8.7.3. Software Development: The Anagram Problem

anagram, software development

"An anagram is a word or phrase formed by rearranging the letters of a different word or phrase, typically using all the original letters exactly once." The process ignores spaces, punctuation characters, and character cases (upper or lower). For example, the letters in the phrase, "See the quick red fox jump over the lazy brown dog," can be rearranged to form the rather bland anagram "abcddeeeeeefghhijklmnoooopqrrrsttuuvwxyz." Cleaver anagrams are more challenging, forming a valid word or statement that is often a humorous comment on the first phrase. For example, an anagram for "Dormitory" is "Dirty Room." Some anagram aficionados have way too much time on their hands, as the following clever anagram illustrates:

Phrase
To be or not to be: that is the question, whether 'tis nobler in the mind to suffer the slings and arrows of outrageous fortune.
Anagram
In one of the Bard's best-thought-of tragedies, our insistent hero, Hamlet, queries on two fronts about how life turns rotten.

The current section develops a program that determines if one phrase is an anagram of another, focusing on developing and representing a solution before programming it. It decomposes the overall problem into smaller subproblems and develops algorithms to solve each of them. The final program demonstrates strings, arrays, and functions operating on them.

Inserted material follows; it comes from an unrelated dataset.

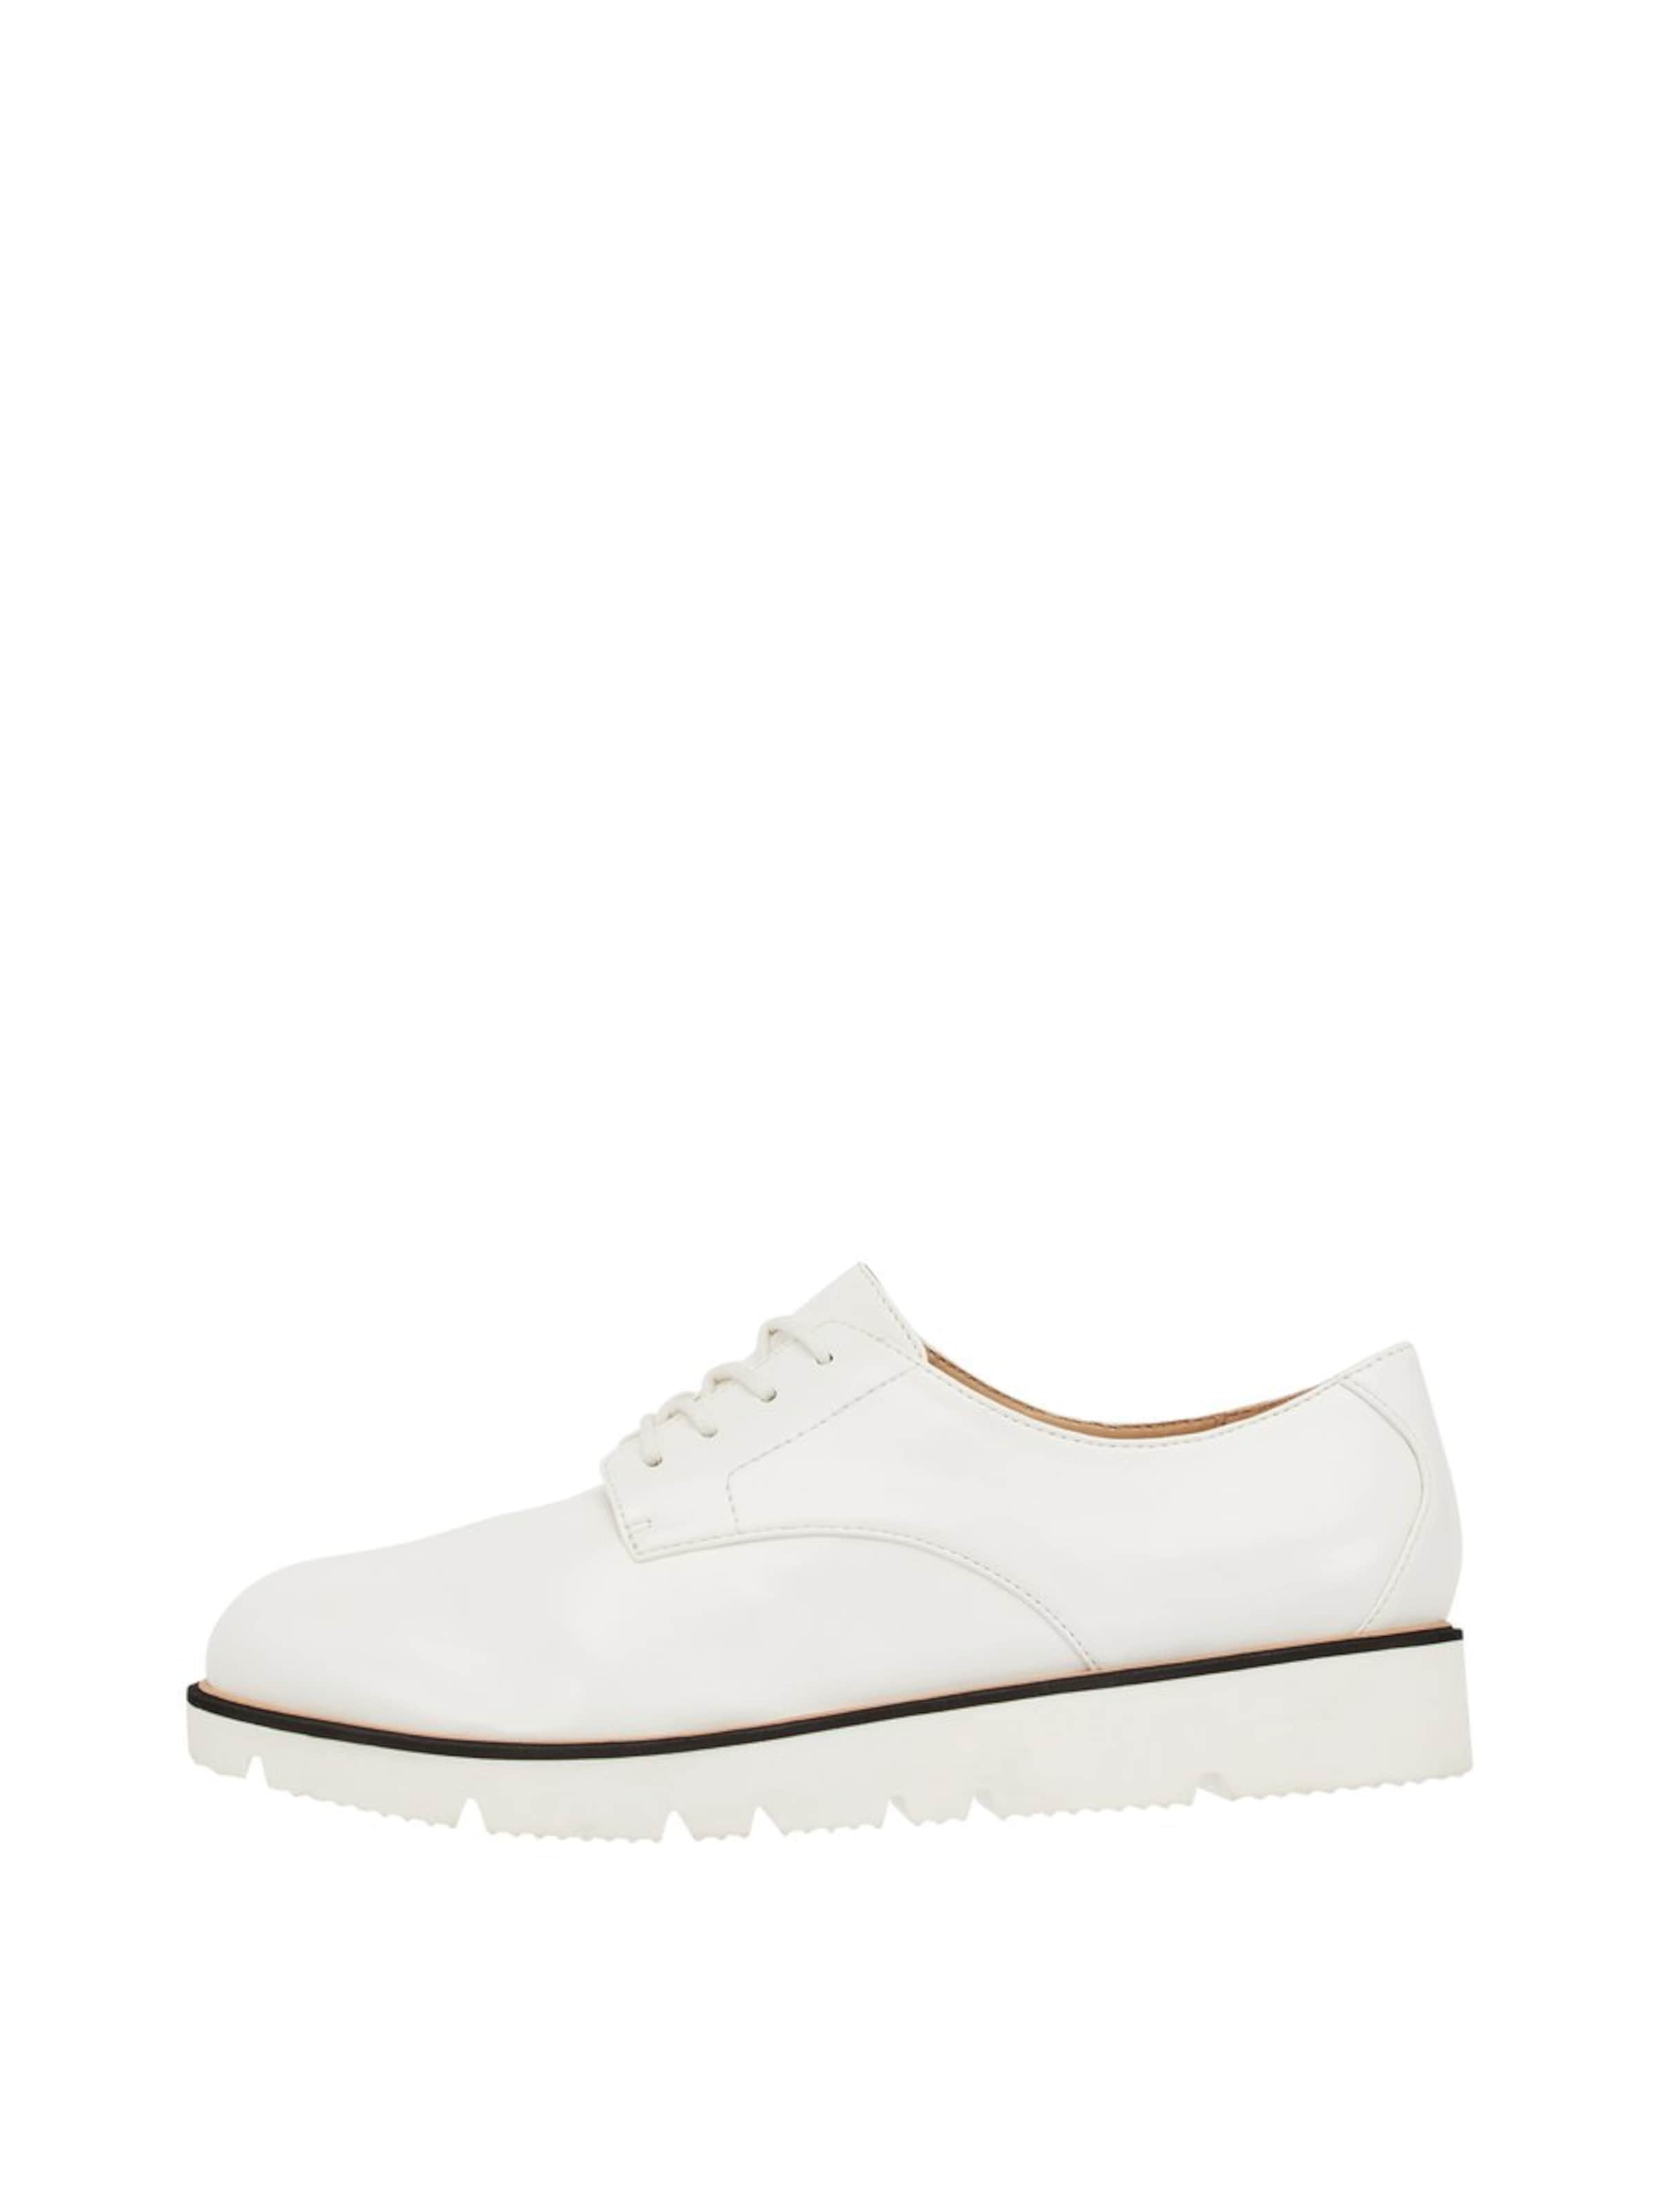 NoirBlanc À Lacets En 'bita' Bianco Chaussure qSUGzMLVp

Solving The Anagram Problem

anagram solution, designing an anagram solution, abstract program solution, abstract anagram solutions

Designing and implementing a program to verify two phrases form an anagram requires detail beyond the initial definition or general problem statement. In an authentic situation, software developers often create multiple views of a solution using various notations. Some views express an overall solution, others focus on sub-problems, and each may target a different audience or serve a different purpose. Similarly, depending on a program's complexity, software developers may represent it at various levels of abstraction or degrees of specificity. Higher levels of abstraction allow developers to focus on what the program does, while lower levels focus on how it does it.

Structured Prose

structured prose, prose anagram solution, natural language

Most audiences can follow a solution stated in prose (1(a)), but the complexity of natural languages often makes these solutions ambiguous and subject to various interpretations. Structuring the prose, such as with a hierarchical list, increases precision and narrows the interpretations.

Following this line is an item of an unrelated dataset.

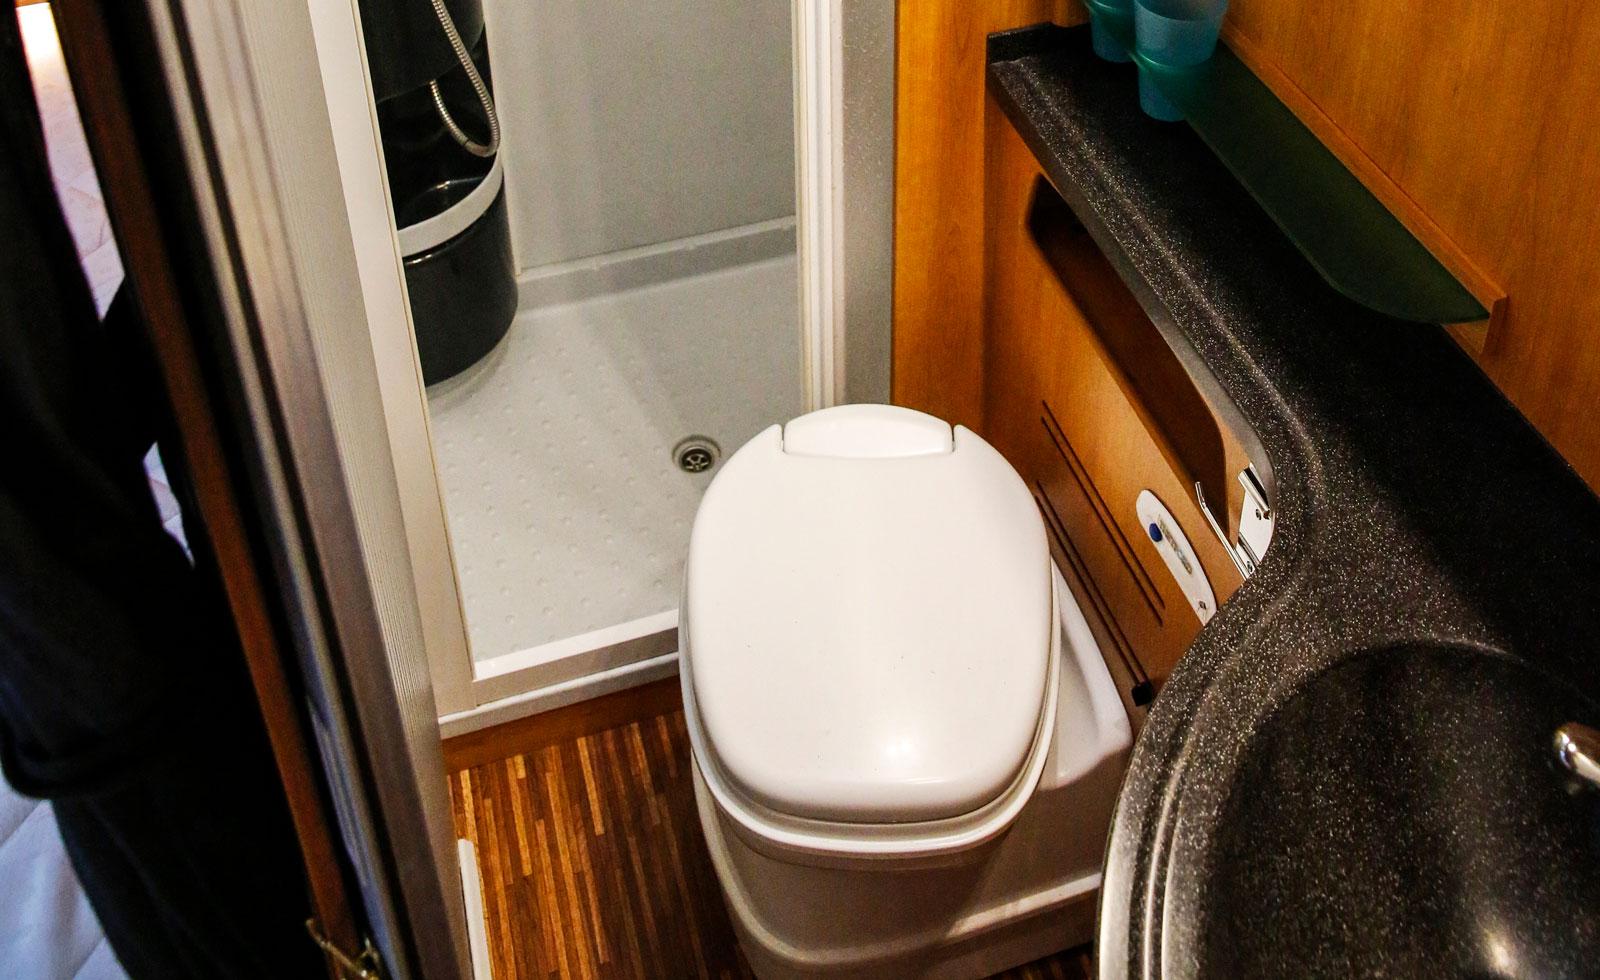 Toalett- och duschutrymmet saknar fönster. Däremot finns ljusinsläpp i taket.

  1. Prompt the user to enter and read two strings from the console (a familiar operation)
  2. Normalize each string to an easily-compared standard form:
    • Remove all space and punctuation characters
    • Convert all letters to a single case (either upper or lower)
  3. To qualify as an anagram, both strings must contain the same number of each alphabetic letter: the program counts the number of occurrences of each letter (the number of a's, the number of b's, etc.) in each string
  4. Compare the character counts; the strings are an anagram if and only if all counts are equal
Structured prose anagram solution. A structured prose solution is suitable for a client or a subject-matter expert (SME) to understand and verify a solution's accuracy. It is also suitable for guiding the overall development and organization of a program. However, it is often too abstract and lacks sufficient detail for programmers to implement in a computer program. Developers often find a lower-level representation, one closer to a program or function, a useful step to transition from a solution to a program.

Pseudocode

pseudocode, algorithms, anagram algorithms
Pseudocode is a description of the steps in an algorithm using a mix of conventions of programming languages (like assignment operator, conditional operator, loop) with informal, usually self-explanatory, notation of actions and conditions. Although pseudocode shares features with regular programming languages, it is intended for human reading rather than machine control. Pseudocode typically omits details that are essential for machine implementation of the algorithm, meaning that pseudocode can only be verified by hand.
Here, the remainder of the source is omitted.